[<prev] [next>] [<thread-prev] [day] [month] [year] [list]
Message-ID: <54814810.6030302@oracle.com>
Date: Fri, 05 Dec 2014 13:52:16 +0800
From: ethan zhao <ethan.zhao@...cle.com>
To: Linda Knippers <linda.knippers@...com>
CC: Kristen Carlson Accardi <kristen@...ux.intel.com>,
"Rafael J. Wysocki" <rjw@...ysocki.net>,
dirk.j.brandewie@...el.com, viresh.kumar@...aro.org,
corbet@....net, linux-doc@...r.kernel.org,
linux-kernel@...r.kernel.org, linux-pm@...r.kernel.org,
ethan.kernel@...il.com
Subject: Re: [PATCH 2/2 V7] intel_pstate: add kernel parameter to force loading
on Sun X86 servers.
Linda,
On 2014/12/5 12:56, Linda Knippers wrote:
> Hi Ethan,
>
> On 12/4/2014 10:38 PM, ethan zhao wrote:
>> Linda,
>>
>> On 2014/12/5 7:03, Linda Knippers wrote:
>>> On 12/4/2014 5:38 PM, Kristen Carlson Accardi wrote:
>>>> On Thu, 04 Dec 2014 23:10:58 +0100
>>>> "Rafael J. Wysocki" <rjw@...ysocki.net> wrote:
>>>>
>>>>> On Thursday, December 04, 2014 11:07:31 AM Ethan Zhao wrote:
>>>>>> To force loading on Oracle Sun X86 servers, provide one kernel command line
>>>>>> parameter
>>>>>>
>>>>>> intel_pstate = ora_force
>>>>> I would suggest to change the name of the option to "oracle_force" or
>>>>> "sun_force"
>>>>> for clarity.
>>>>>
>>>>> Anyway, I need an ACK from Kristen if this patch is to be applied.
>>>>>
>>>>>> For those who be aware of the risk of no power capping capabily working and
>>>>>> try to get better performance with this driver.
>>>>>>
>>>>>> Signed-off-by: Ethan Zhao <ethan.zhao@...cle.com>
>>>>>> ---
>>>>>> v2: change to hardware vendor specific naming parameter.
>>>>>> v4: refine code and doc.
>>>>>> v5&v6: fix a typo in doc.
>>>>>> v7: change enum PCC to PPC.
>>>>>>
>>>>>> Documentation/kernel-parameters.txt | 5 +++++
>>>>>> drivers/cpufreq/intel_pstate.c | 6 +++++-
>>>>>> 2 files changed, 10 insertions(+), 1 deletion(-)
>>>>>>
>>>>>> diff --git a/Documentation/kernel-parameters.txt
>>>>>> b/Documentation/kernel-parameters.txt
>>>>>> index 479f332..7d0983e 100644
>>>>>> --- a/Documentation/kernel-parameters.txt
>>>>>> +++ b/Documentation/kernel-parameters.txt
>>>>>> @@ -1446,6 +1446,11 @@ bytes respectively. Such letter suffixes can also be
>>>>>> entirely omitted.
>>>>>> disable
>>>>>> Do not enable intel_pstate as the default
>>>>>> scaling driver for the supported processors
>>>>>> + ora_force
>>>>>> + Force loading intel_pstate on Oracle Sun Servers(X86).

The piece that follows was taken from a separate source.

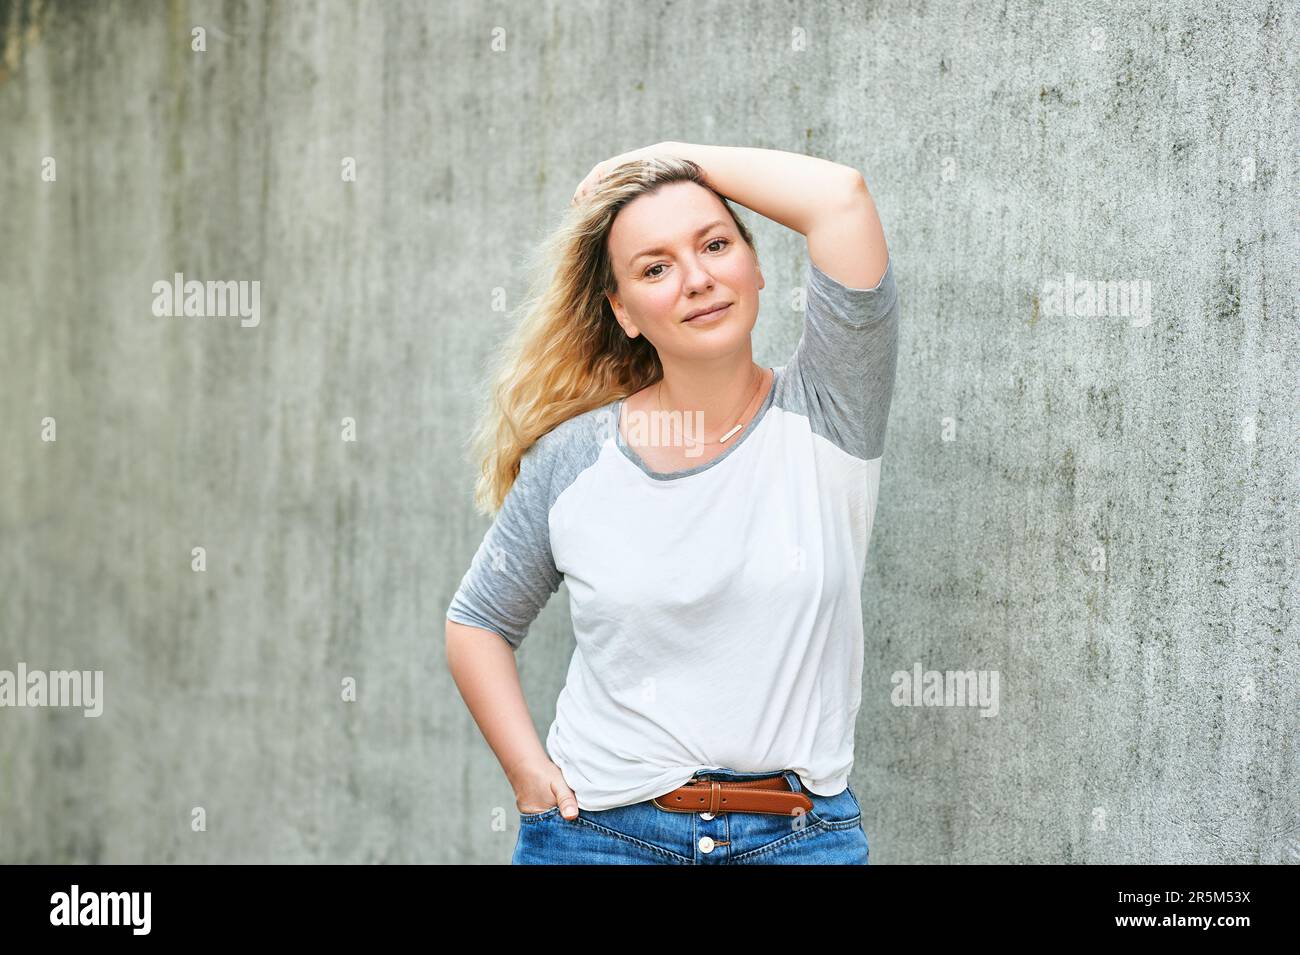 Outdoor portrait of pretty woman posing on grey urban background, wearing white t-shirt with grey sleeves Stock Photo
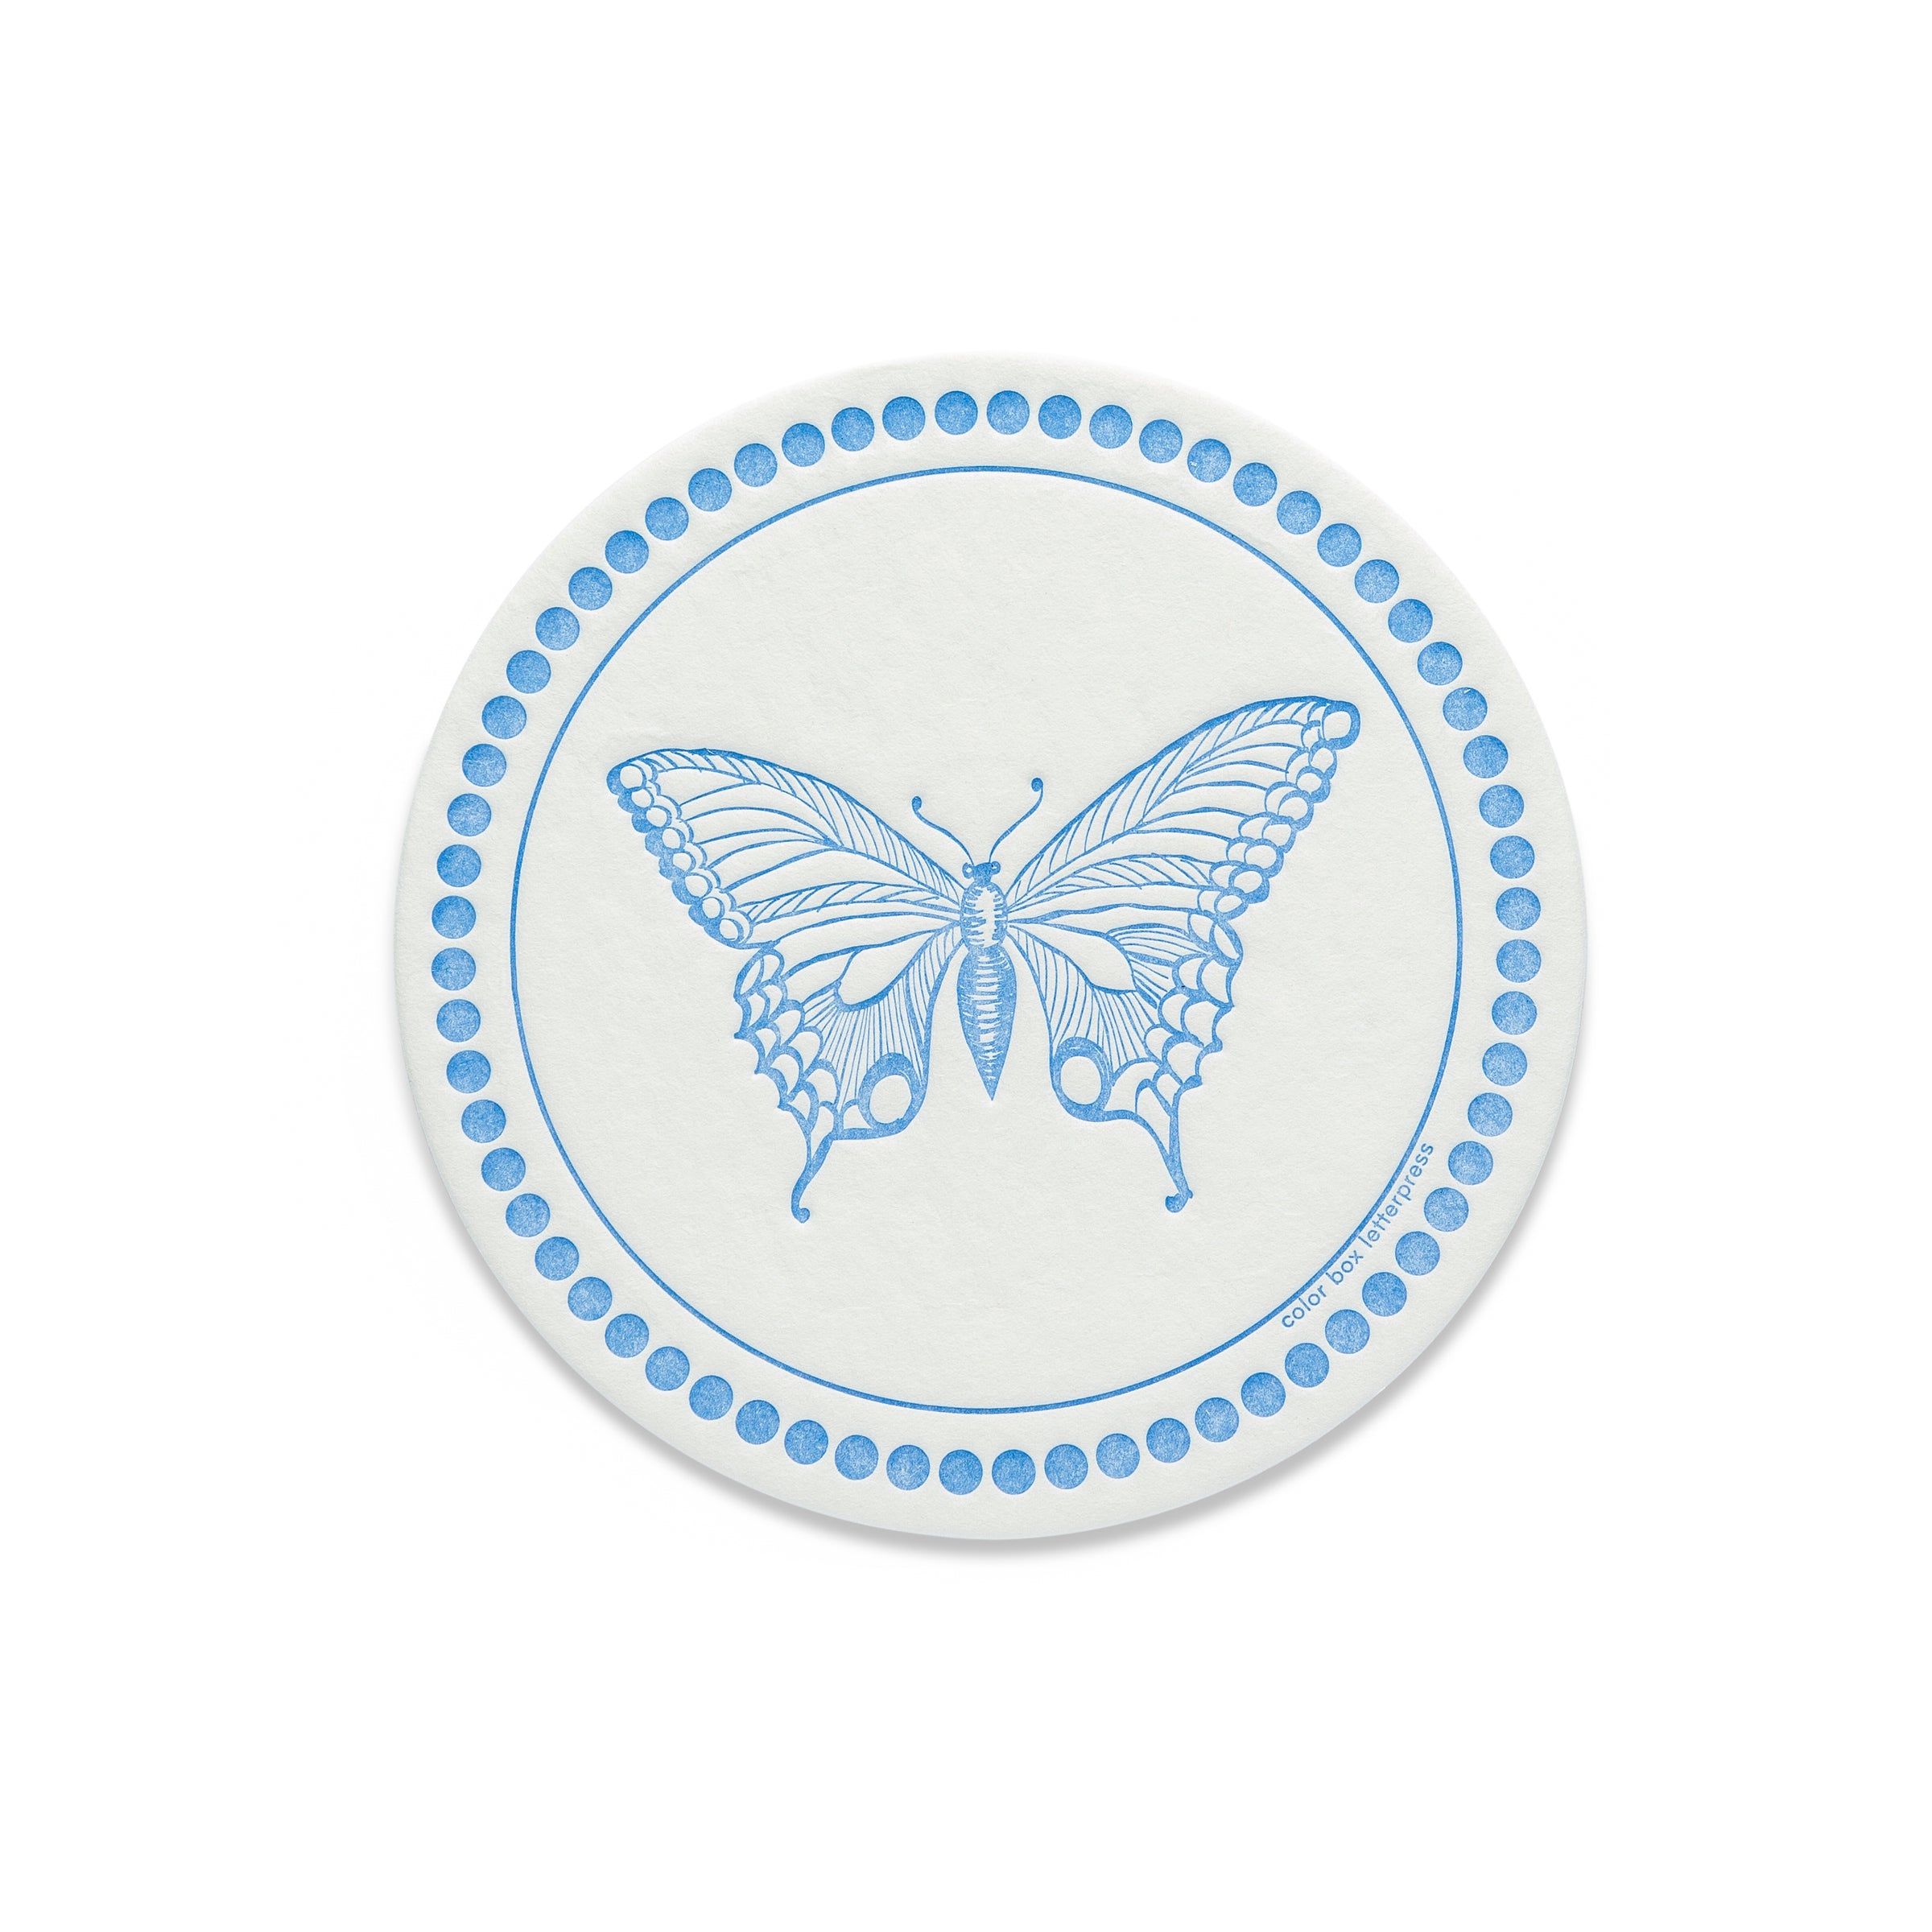 Extra Thirsty Coasters | Butterfly

>>>>>> + only for those who be aware of the risk of no power capping
>>>>>> + capability working and try to get better performance with this
>>>>>> + driver.
>>>>> That is not sufficiently clear. What does "risk of no power capping capability
>>>>> working" mean, in particular?
>>>>>
>>>>>> intremap= [X86-64, Intel-IOMMU]
>>>>>> on enable Interrupt Remapping (default)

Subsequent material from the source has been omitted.